M. Jean Terlier (EPR). Nous voterons évidemment contre cet amendement. Je ne fais pas de procès d’intention à notre collègue du Rassemblement national mais je pense que l’on peut entendre l’explication donnée par la rapporteure : si cet amendement était adopté, il aurait un effet contraire aux intentions de ses auteurs. Dès lors, j’invite à retirer cet amendement pour que le texte soit adopté conforme et entre en vigueur le plus tôt possible.

Par ailleurs, il est savoureux d’entendre la gauche dire qu’elle sera très attentive à la hausse du budget de la justice. Je suis député depuis neuf ans et nous l’avons augmenté de plus de 50 % au cours de cette période.

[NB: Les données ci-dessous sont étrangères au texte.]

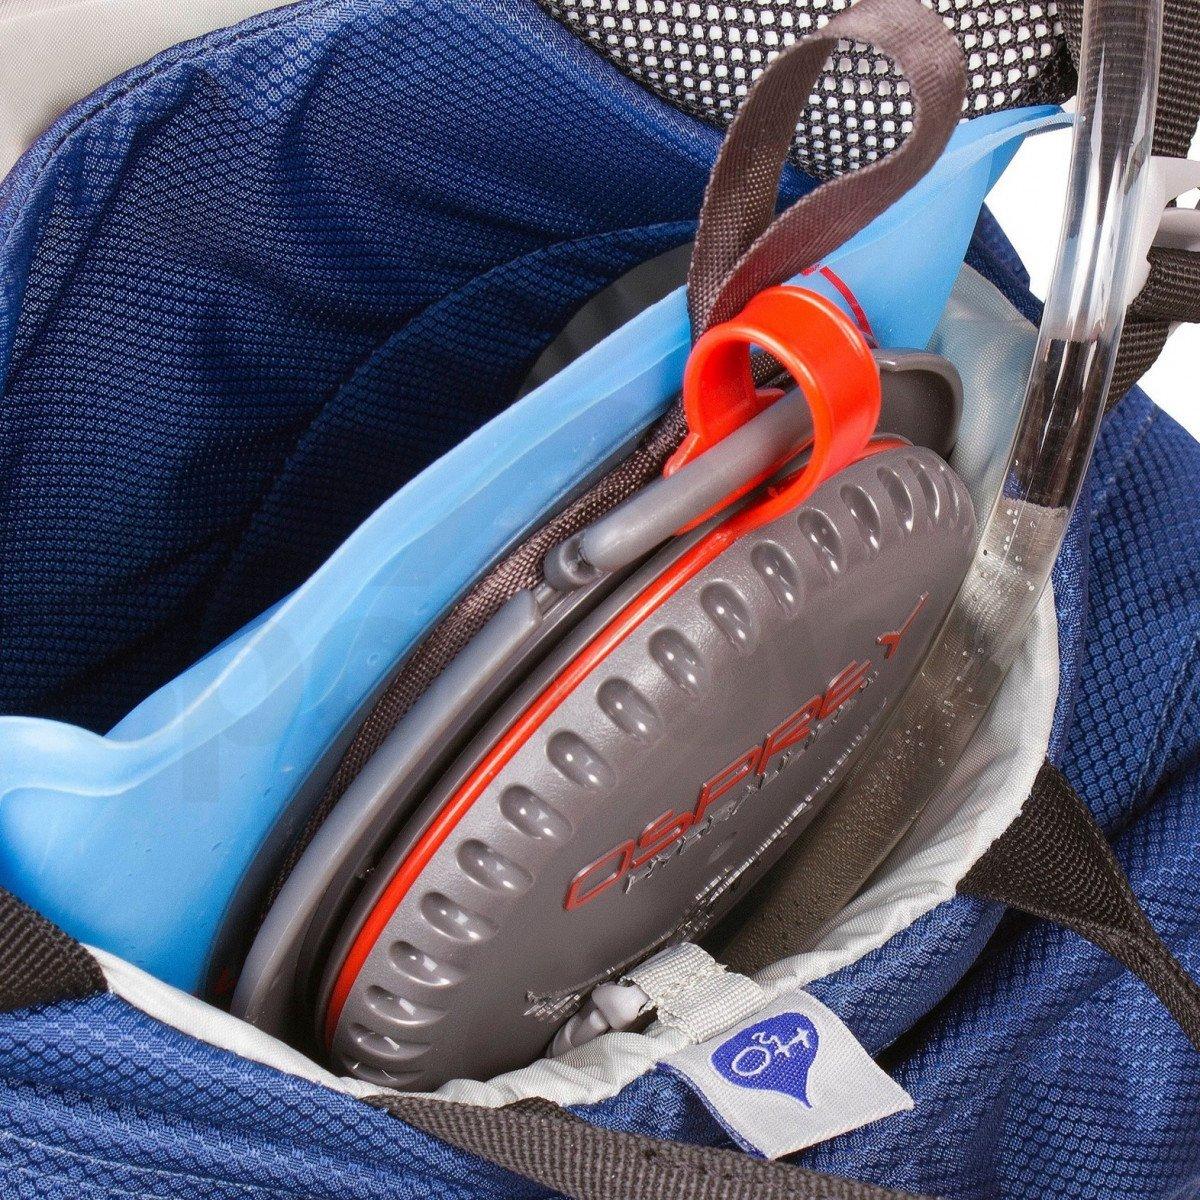 Batoh Osprey Escapist 32 - modrá

Pourtant, jamais La France insoumise n’a voté ces crédits. J’apprécie d’entendre mes collègues tenir ces propos, mais attention : ils sont filmés, enregistrés et retranscrits. Nous serons très attentifs à leurs votes lors du prochain budget.

M. Philippe Gosselin (DR). Le mieux est parfois l’ennemi du bien : voulons-nous d’une loi applicable à une date certaine, ou préférons-nous jouer la montre ? En votant cet amendement, nous jouerions la montre : l’encombrement législatif est tel que la deuxième lecture serait incertaine, de sorte que le texte pourrait finalement entrer en vigueur à une date encore ultérieure à janvier 2027.

Il faut aussi laisser le temps aux avocats ; certains sont en cours de formation. Croire que nous pourrions sortir tout le monde d’affaires d’un coup de baguette magique immédiatement après la promulgation de la loi serait une illusion. Ce ne serait pas une bonne administration de la justice ; surtout, ce serait contraire à l’intérêt supérieur des enfants, que nous essayons de mettre en avant. Je ne veux pas faire de procès d’intention, le mieux serait de retirer cet amendement pour que nous puissions voter le texte conforme et ainsi avoir une bonne nouvelle aujourd’hui.

Mme Sylvie Josserand (RN). Si le Sénat a conscience de l’urgence, ce qui ne peut être mis en doute, il s’arrangera pour examiner le texte rapidement, tout simplement !

Mme Ayda Hadizadeh, rapporteure. Tous ceux qui lèveront la main pour voter votre amendement le feront pour empêcher un vote conforme et donc pour retarder l’entrée en vigueur de cette loi. Que cela soit bien clair pour tout le monde, et pour les électeurs. Nous sommes dans le cas précis où un tiens vaut mieux que deux tu l’auras.

Je vous appelle de nouveau à la responsabilité : montrez que vous avez compris l’urgence dans notre pays ! La protection de l’enfance n’est pas un sujet de gauche ni de droite, c’est un sujet national et nous devons tous être mobilisés, comme nous devrons l’être lors du prochain budget pour abonder l’aide juridictionnelle de 300 millions d’euros. Je vous invite une fois encore à retirer votre amendement.

La commission rejette l’amendement.

Elle adopte l’article 2 bis non modifié.

Elle adopte l’ensemble de la proposition de loi sans modification.

 

*

*     *

En conséquence, la commission des Lois constitutionnelles, de la législation et de l’administration générale de la République vous demande d’adopter la proposition de loi, modifiée par le Sénat, visant à assurer le droit de chaque enfant à être assisté d’un avocat dans le cadre d’une mesure d’assistance éducative et de protection de l’enfance (n° 2853) dans le texte figurant dans le document annexé au présent rapport.

 


([1]) Cour de cassation, 1ère chambre civile, arrêt n° 478 F-D.

([2]) Article 7 bis de la loi n° 2022‑140 du 7 février 2022 introduit en première lecture au Sénat.

([3]) Dress, site internet : « Les bénéficiaires de l’aide sociale à l’enfance ».